Picking the Right Media
Each media type has dramatically different characteristics including lifespan, storage capacity, re-usability, and costs. Even within a category such as tape drives the number and variety of options available is broad enough to suit a wide spectrum of users. One important factor in selecting a media is the length of time you plan to store the media. Table 1 provides a lifespan comparison of some of the most popular backup media.
Media | Lifespan (years) |
Magnetic Tape | 1 - 3 (newer tape technologies are extending this) |
Magnetic Disks | 3 - 5 |
Optical Disks | 30 |
Write-once CD-ROM | 30+ |
Table 1.Average lifespan of common backup media. This is strictly a shelf -life and does not factor in the number of uses.
A common mistake is to pick a media type based on the needs of today's systems. The data requirements of businesses are growing at a phenomenal rate estimated to be as high as 70% per year by the Gartner Group. A system that barely meets the capacity and performance requirements of your current systems will be inadequate within 18 months and the search will be on for a replacement. Switching media types is an expensive and time-consuming proposition.
Tape drives
Tape is the standard in the backup systems of the majority of corporations. Tape offers extremely high capacities, excellent performance characteristics, and a reasonable lifespan. The variety of formats makes tape a versatile media that can fit in a number of environments. Table 2 provides a summary of the most common tape types and their specifications.
Type | Capacity | Speed | Drive Costs | Media Costs |
| (uncompressed) | (uncompressed) |
|
QIC (Travan) | TR-4: 4 GB | 25 MB/min | $350 | $7/GB |
| TR-5: 10 GB | 60 MB/min | $550 | $4/GB |
|
DAT | DDS-2: 4 GB | 46 MB/min | $650 | $2/GB |
| DDS-3: 12 GB | 60 MB/min | $1050 | $2/GB |
| DDS-4: 20 GB | 180 MB/min | $1350 | $2.50/GB |
|
DLT | DLT 4000: 20 GB | 90 MB/min | $2000 | $4/GB |
| DLT 7000: 35 GB | 300 MB/min | $4000 | $2.50/GB |
|
AIT | AIT: 35 GB | 180 MB/min | $2000 | $3/GB |
| AIT II: 50 GB | 360 MB/min | $4000 | $2.75/GB |
Figure 2.Tape types and specifications. Most drive manufacturers offer compression and advertise compressed storage capacities that are roughly double their uncompressed capacities.
For a home or small business user, the low cost of the Travan drives makes them an appealing option. The catch is the high media costs per GB and the slow performance. Although 60 MB/min sounds fast, a typical hard drive is now 4 - 8 GB, which translates into a full backup time of 1 - 2 hours. This long backup time makes it a nuisance and you are less likely to be anxious to give up access to your machine for a few hours while it backs up.

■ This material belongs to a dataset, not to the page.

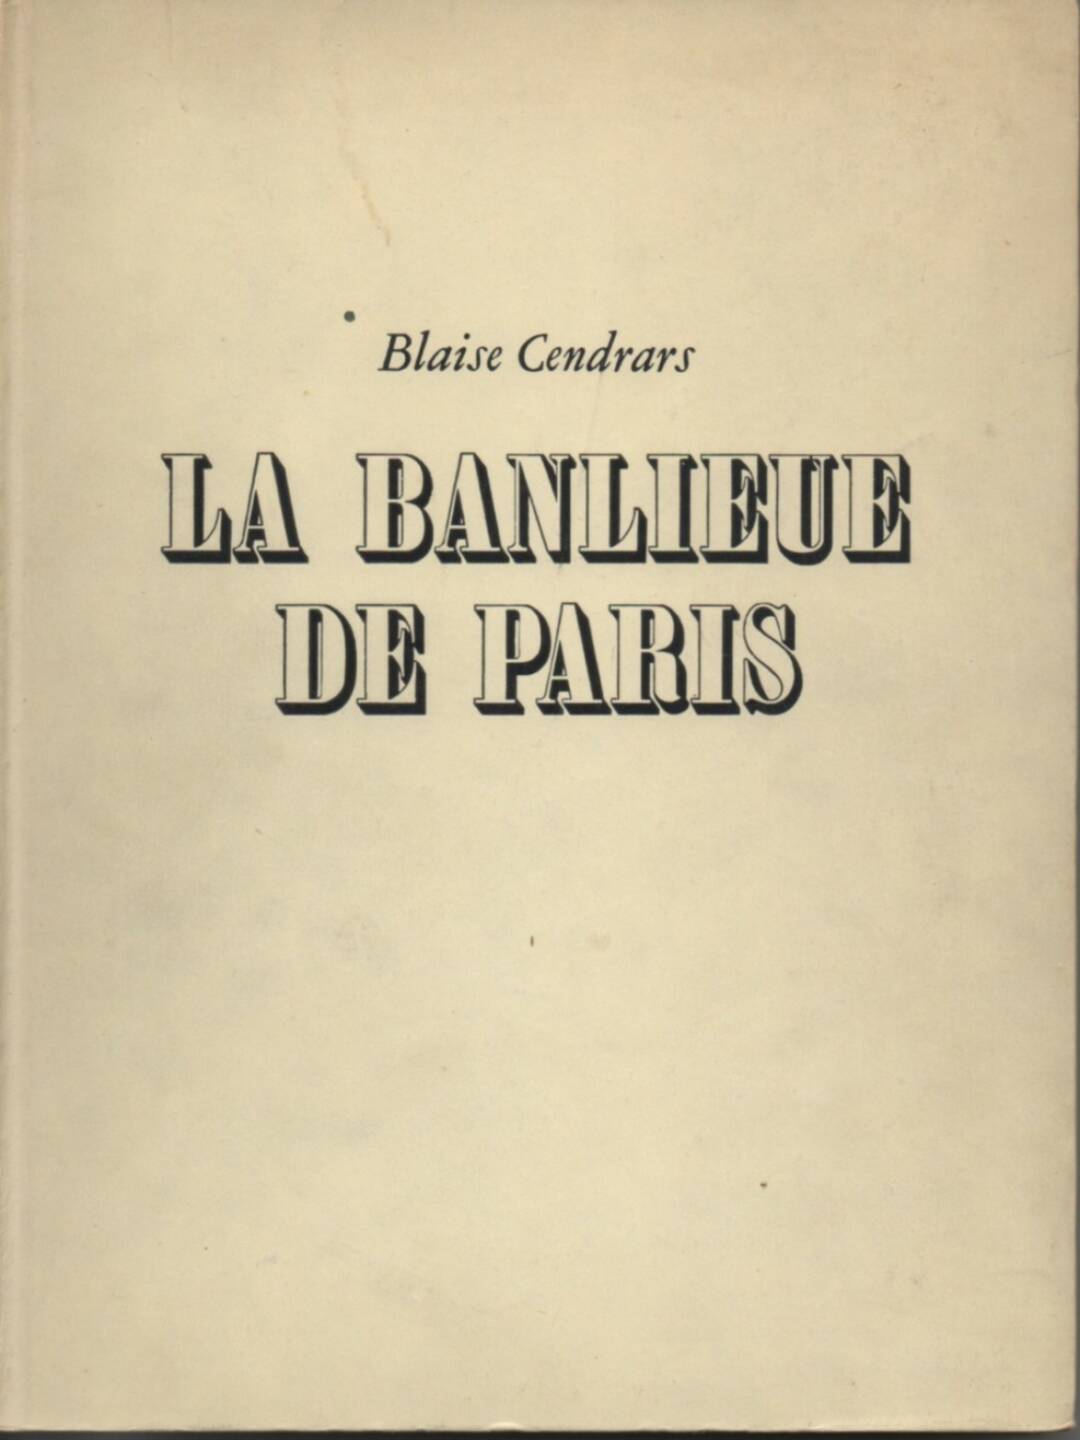 Robert Doisneau and Blaise Cendrars - La banlieue de Paris, 200-350 Euro, http://josefchladek.com/book/blaise_doisneau_cendrars_-_la_banlieue_de_paris

For a large organization, picking the right technology depends on the type of backups. Most administrators deploy DAT tape drives for network backups because they are less expensive and offer good performance and capacity. AIT and DLT offer more capacity and better performance but are expensive. DLT and AIT are perfect for situations where you attach the tape directly to a fileserver because of the large amounts of data on the server.
The reason DLT and AIT may not fit well in a typical network backup is the potentially slow performance of moving data between machines. The latest releases of Retrospect and OS 8.5 combined with a quality TCP/IP network can come close to the speeds needed to use the full capacity of a DLT or AIT system.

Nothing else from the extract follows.